Dimension Reduction Maps
Dimension reduction maps (also called sketching matrices or test matrices) are the core building blocks of randomized algorithms. They compress high-dimensional data into lower dimensions while preserving essential structure.
Overview
A dimension reduction map $\Omega: \mathbb{R}^n \to \mathbb{R}^k$ (where $k \ll n$) satisfies the Johnson-Lindenstrauss property: for any vector $x$, with high probability:
\[(1-\epsilon)\|x\|_2 \leq \|\Omega x\|_2 \leq (1+\epsilon)\|x\|_2\]
SketchySVD implements three types of reduction maps, each with different trade-offs.
1. Gaussian Random Matrices
Definition
A Gaussian reduction map $G \in \mathbb{R}^{k \times n}$ has entries drawn independently from $\mathcal{N}(0, 1/k)$:
\[G_{ij} \sim \mathcal{N}(0, 1/k)\]
Properties
- Density: Fully dense (all entries non-zero)

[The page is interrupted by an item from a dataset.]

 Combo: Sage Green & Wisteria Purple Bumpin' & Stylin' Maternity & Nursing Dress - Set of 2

- Generation: $O(kn)$ time, uses
randn() - Application: $O(kmn)$ for $G \cdot A$ where $A \in \mathbb{R}^{n \times m}$
- Storage: $O(kn)$ memory
- Theoretical guarantees: Strongest guarantees, well-studied
When to Use
✅ Best for:
- General matrices without special structure
- When accuracy is paramount
- Medium-sized problems where memory isn't a constraint
❌ Avoid when:
- $n$ is very large (> 100,000)
- Memory is severely constrained
- Maximum speed is required
Implementation
# Create Gaussian reduction map
G = Gauss(k, n, field="real")
# Apply to matrix
Y = G * A # Left application: (k × n) × (n × m) → (k × m)

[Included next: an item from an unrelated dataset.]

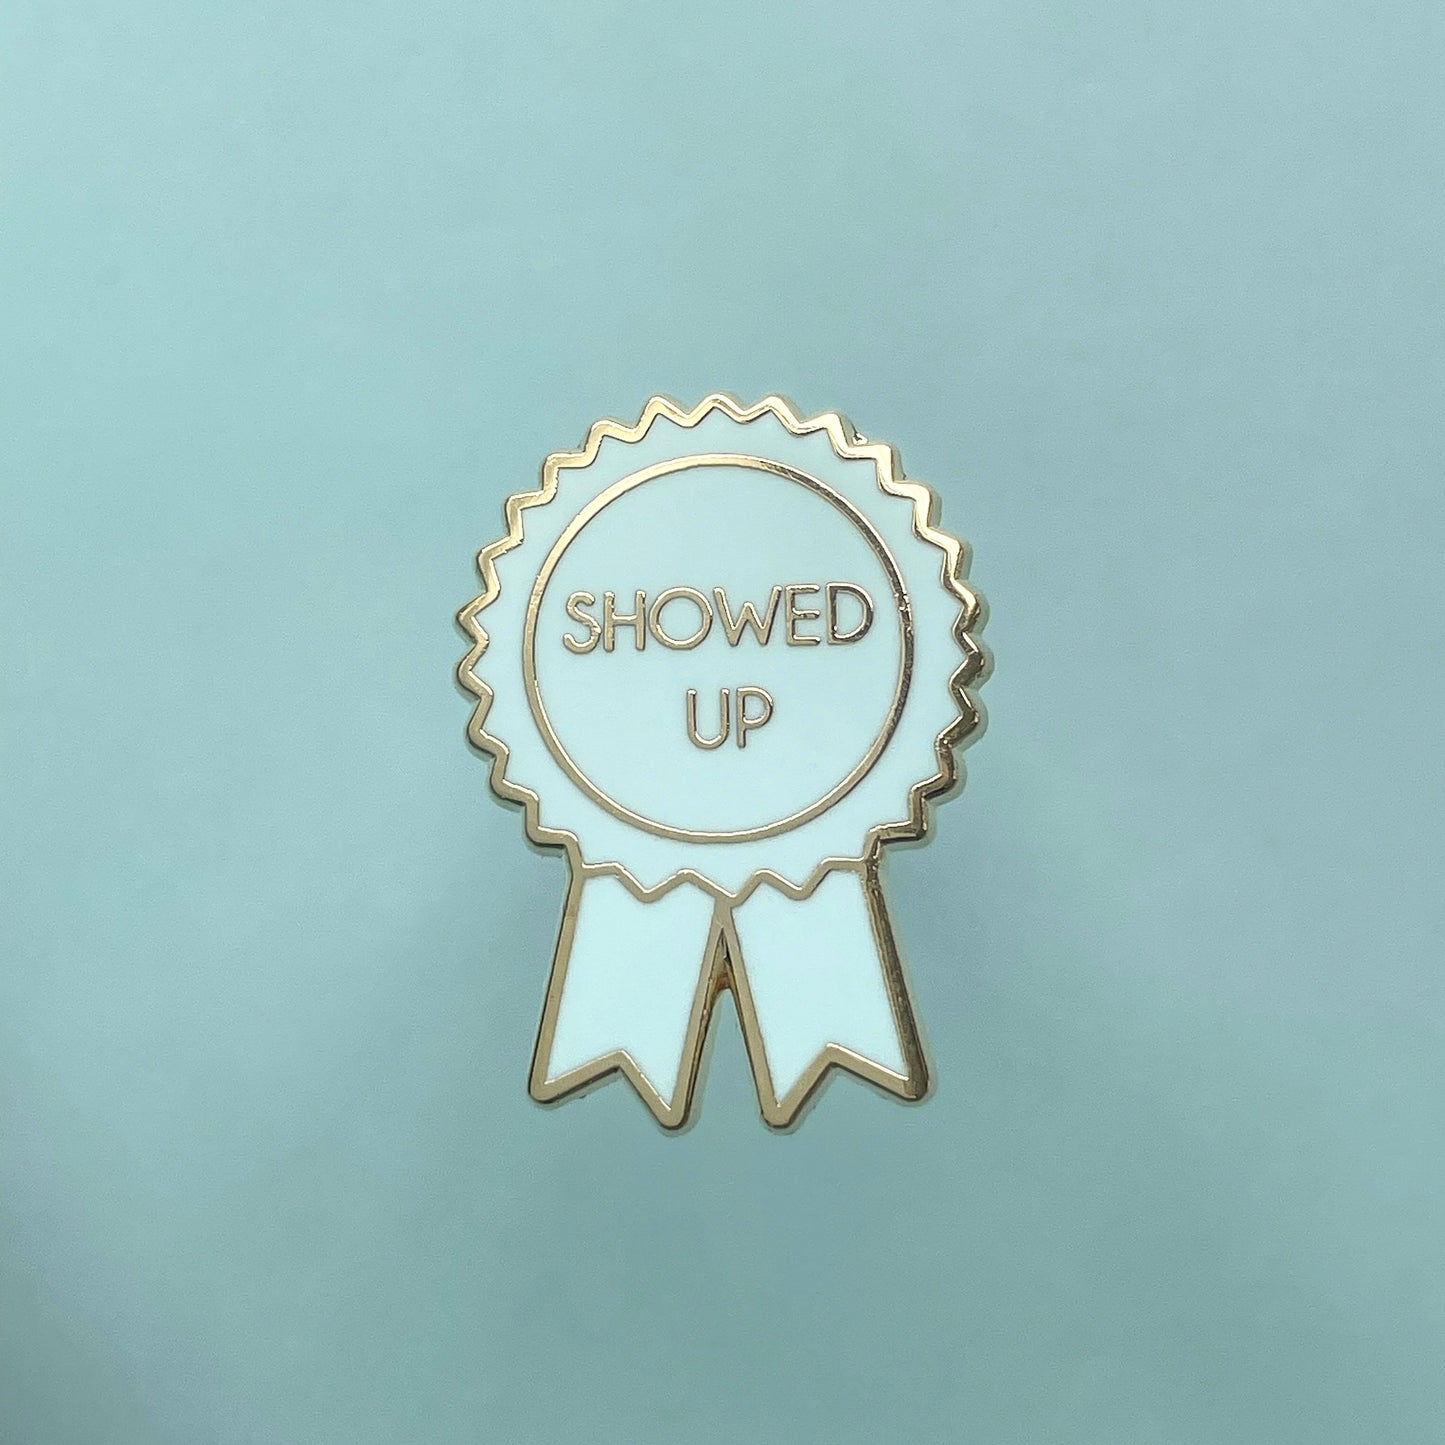 Showed Up Award Enamel Pin

Z = A * G' # Right application: (m × n) × (n × k) → (m × k)
# Access properties
size(G) # (k, n)
isreal(G) # true for real field
issparse(G) # false (always dense)Advantages
- Strong theory: Best-understood reduction map
- Consistent performance: Reliable across different matrix types
- Easy implementation: Simple to generate and apply
- Good accuracy: Typically requires smallest oversampling
Disadvantages
- Memory intensive: Requires $O(kn)$ storage
- Slower for large $n$: Dense matrix multiplications
- Generation cost: Creating random numbers can be slow
2. Sparse Random Matrices
Definition
A sparse reduction map $S \in \mathbb{R}^{k \times n}$ has $\zeta$ non-zero entries per column, where each entry is $\pm 1/\sqrt{\zeta}$:
\[S_{:,j} \text{ has } \zeta \text{ random non-zeros from } \{\pm 1/\sqrt{\zeta}\}\]
The parameter $\zeta$ controls sparsity (typically $\zeta = 8$).
Properties
- Density: $\zeta/k$ (very sparse)
- Generation: $O(n\zeta)$ time
- Application: $O(m n \zeta)$ for $S \cdot A$
- Storage: $O(n\zeta)$ memory (sparse format)

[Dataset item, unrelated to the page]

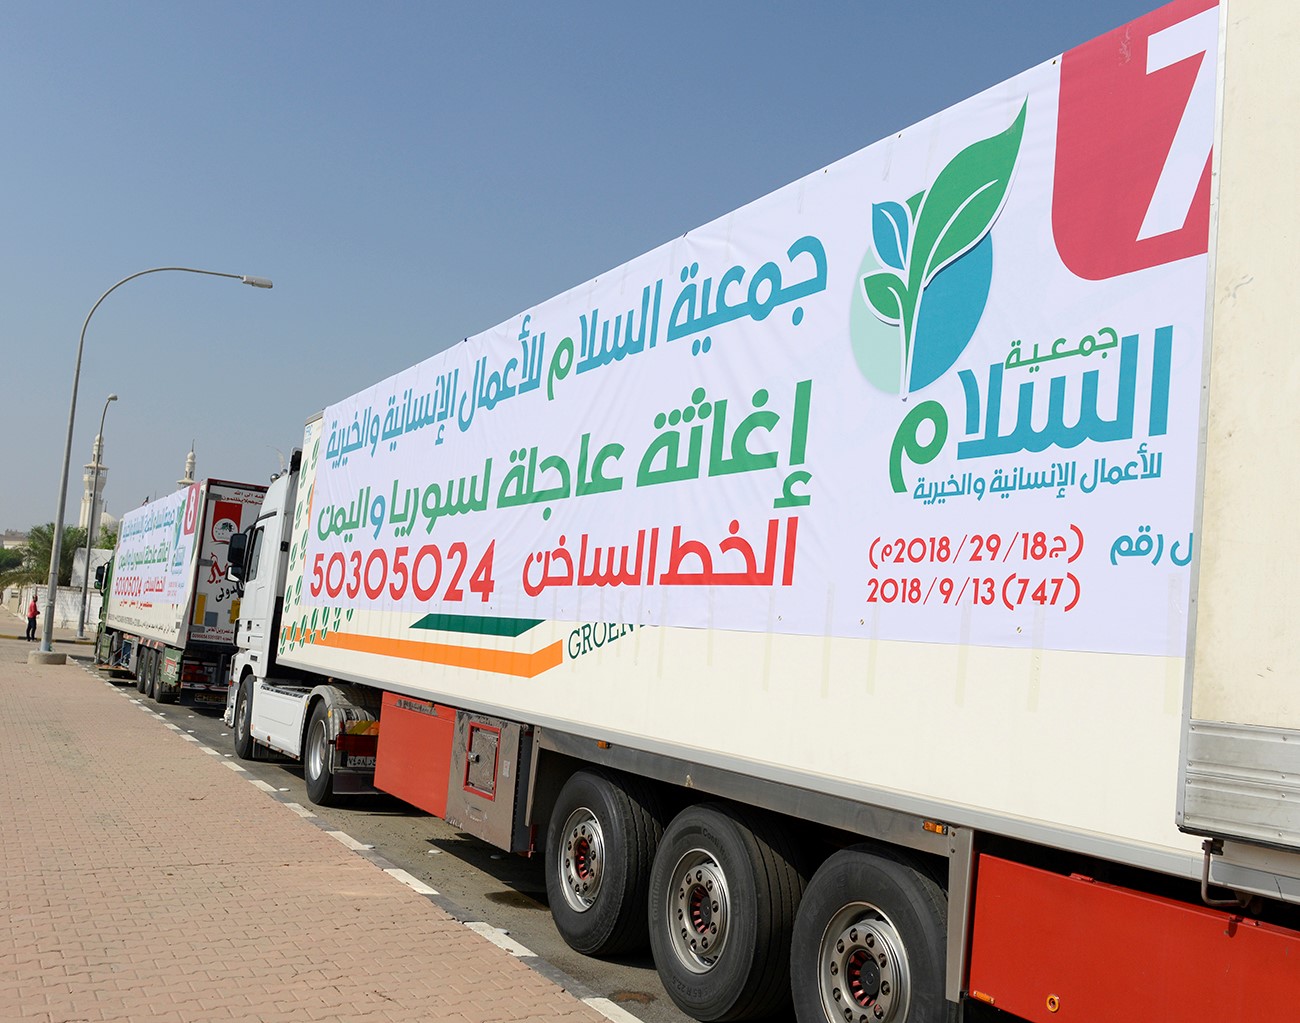 Kuwaiti charity launches aid campaign for Syria, Yemen

- Theoretical guarantees: Good with slightly larger $k$
When to Use
✅ Best for:
- Very large matrices ($n$ > 100,000)
- Memory-constrained environments
- When $k$ is moderately large
- Real-time applications
❌ Avoid when:
- $n$ is small (overhead of sparse operations)
- Maximum accuracy required (use Gaussian instead)
Implementation
# Create sparse reduction map
S = Sparse(k, n, zeta=8, field="real")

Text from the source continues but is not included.